The other method of negotiation is positional negotiation (which is commonly used by aggressive negotiators) - often called "zero-sum" negotiation or win/lose negotiation.
Question Nine:
How many steps are there to framing?
There are seven steps to follow in framing a conflict:
A) Define the people involved in the conflict
B) Define the problems of the particular conflict
C) Examine the history between the parties to the conflict
D) Discuss preferences of the parties for processes to be used in negotiation
E) Determine the expected outcomes of each party
F) Prioritize the various outcome possibilities
G) Create, evaluate and exchange stakes
Question Ten:
What are the stakes in a negotiation?
The stakes are those things which may be gained or lost in the negotiation - the matters at issue. They are the costs of settling, not settling or delaying. They are the benefits of settling, not settling or delaying. And they may even be the costs or benefits of the negotiating process itself - adding or detracting from the relationship between the parties. Item seven of the prior question on framing lists several questions to determine the stakes in a particular situation.
You can find the stakes in a negotiation by asking the following questions:
A simple answer might have been:
The stakes are what the other side is offering that you want, the results of settling that are painful, the things that might be created by the parties, and the uncertainties that might come to pass (and from which we might be able to create a settlement).
Question Eleven:
What are the pressures on health care? Discuss several of them.

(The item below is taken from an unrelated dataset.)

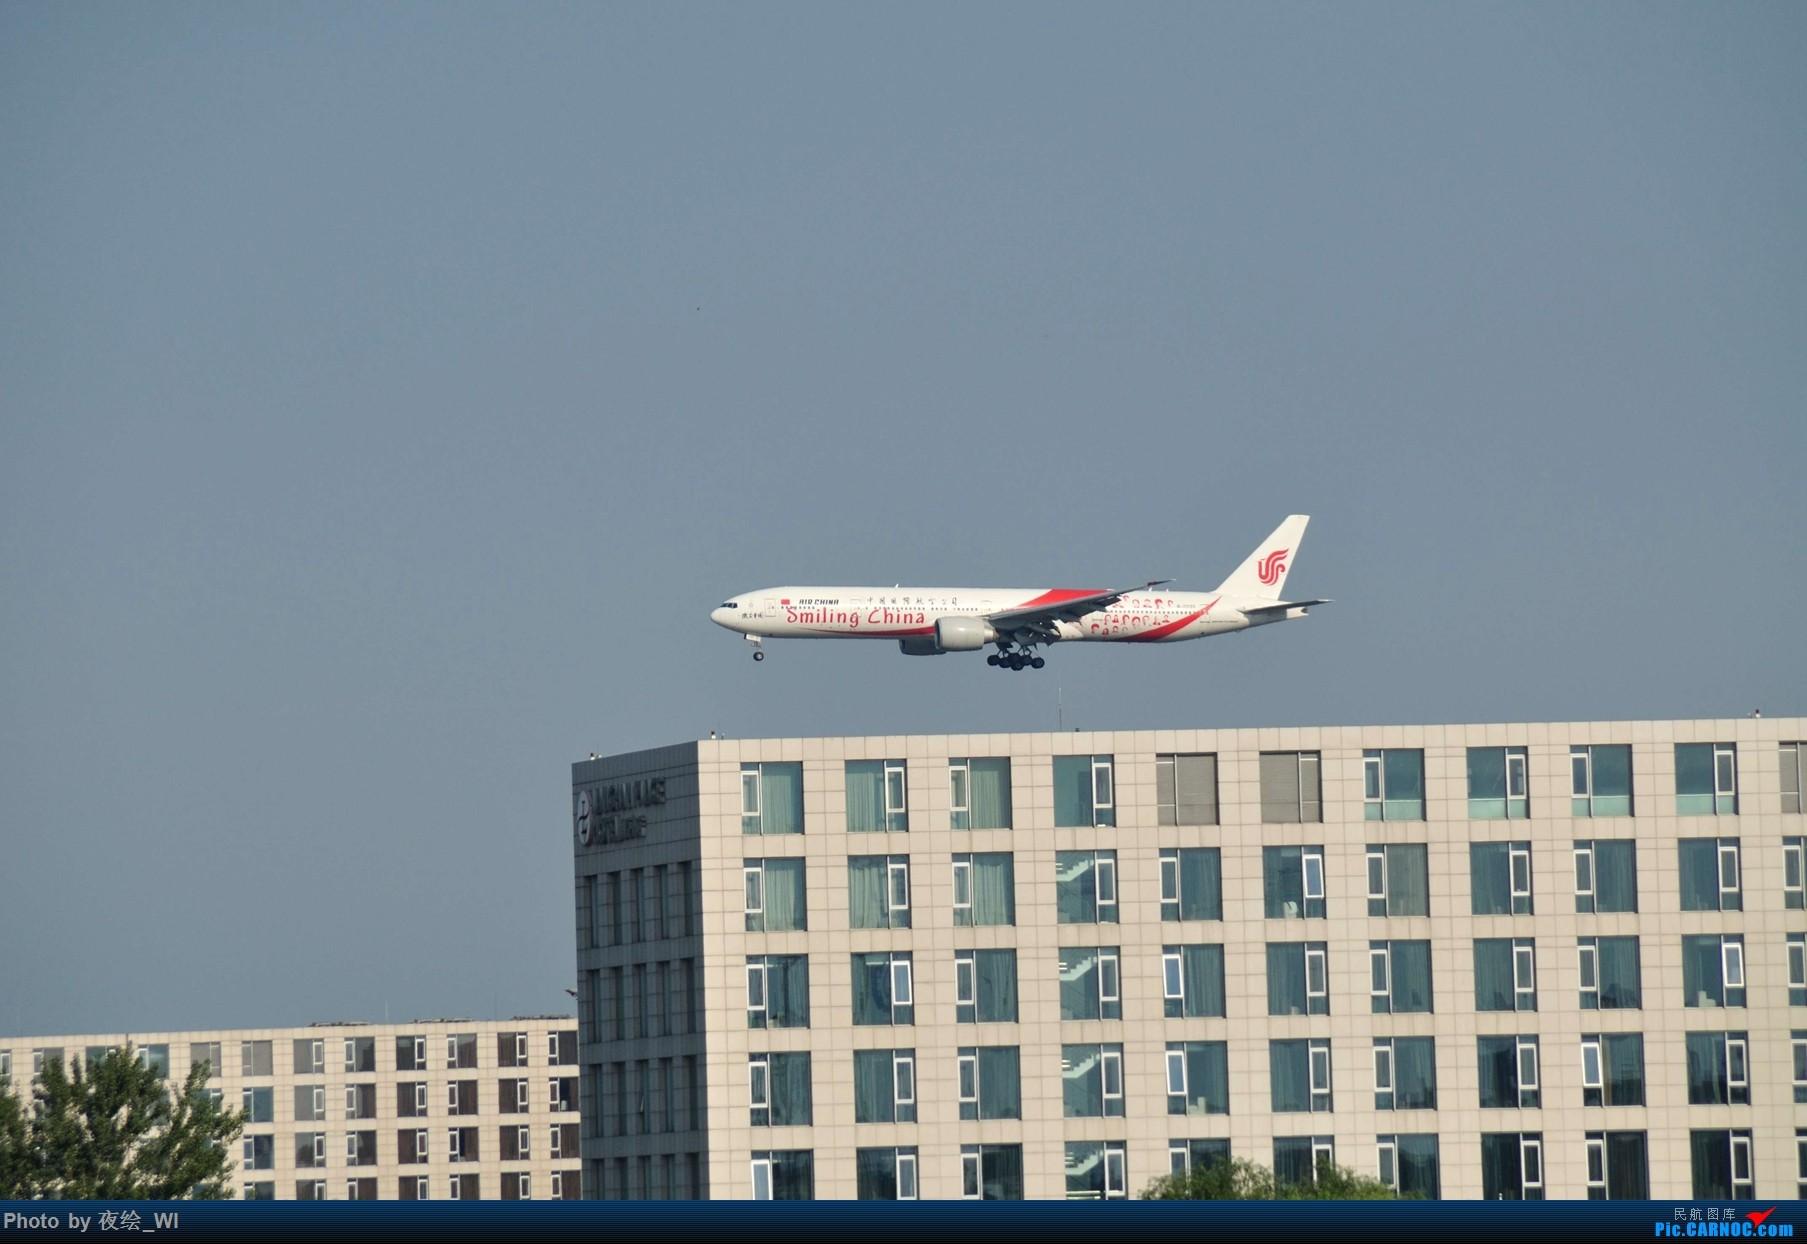 Re:[原创]【PEK】初刷八卦台,拍得飞起! BOEING 777-300ER B-2035 中国北京首都国际机场

There are a large number of factors placing pressures on health care: Financial, political, government and statutory, managed care, ethical issues, aging population demographics, public perception and opinion are just some of them.
Financial pressures are extreme - there is an almost unlimited cost of medical treatment and only limited resources that exist to pay for it. There is a resulting pressure to do more with less. A simple example is replacement of staff time by use of voicemail and automated telephone systems - patients become frustrated that they cannot talk to a human being, but only can reach a telephone answering tree that requires them - at their peril - to pick from one of the offered choices, rather than speak to someone knowledgeable who can help them. Huge sums of money are required to pay for highly technical equipment, and it is often unavailable to most patients because their insurance does not cover it, such as laser eye surgery.
Managed care is perhaps the most extreme pressure on health care today. Excepting the few hospitals that rely on charitable funding and don't charge (i.e. the Shriners' burn centers and Masonic children's hospitals,) almost all health care providers have to function with the constraints of HMO's, PPO's, Medicare, and other forms of insurance and medical coverage. These constraints are a major source of friction between the providers and those fiscal intermediaries who dictate what care to a given patient will be reimbursed. Many physicians contend that they are being told how to practice medicine by those fiscal intermediaries; many patients contend that they are being told they can't get proper medical care by those same fiscal intermediaries.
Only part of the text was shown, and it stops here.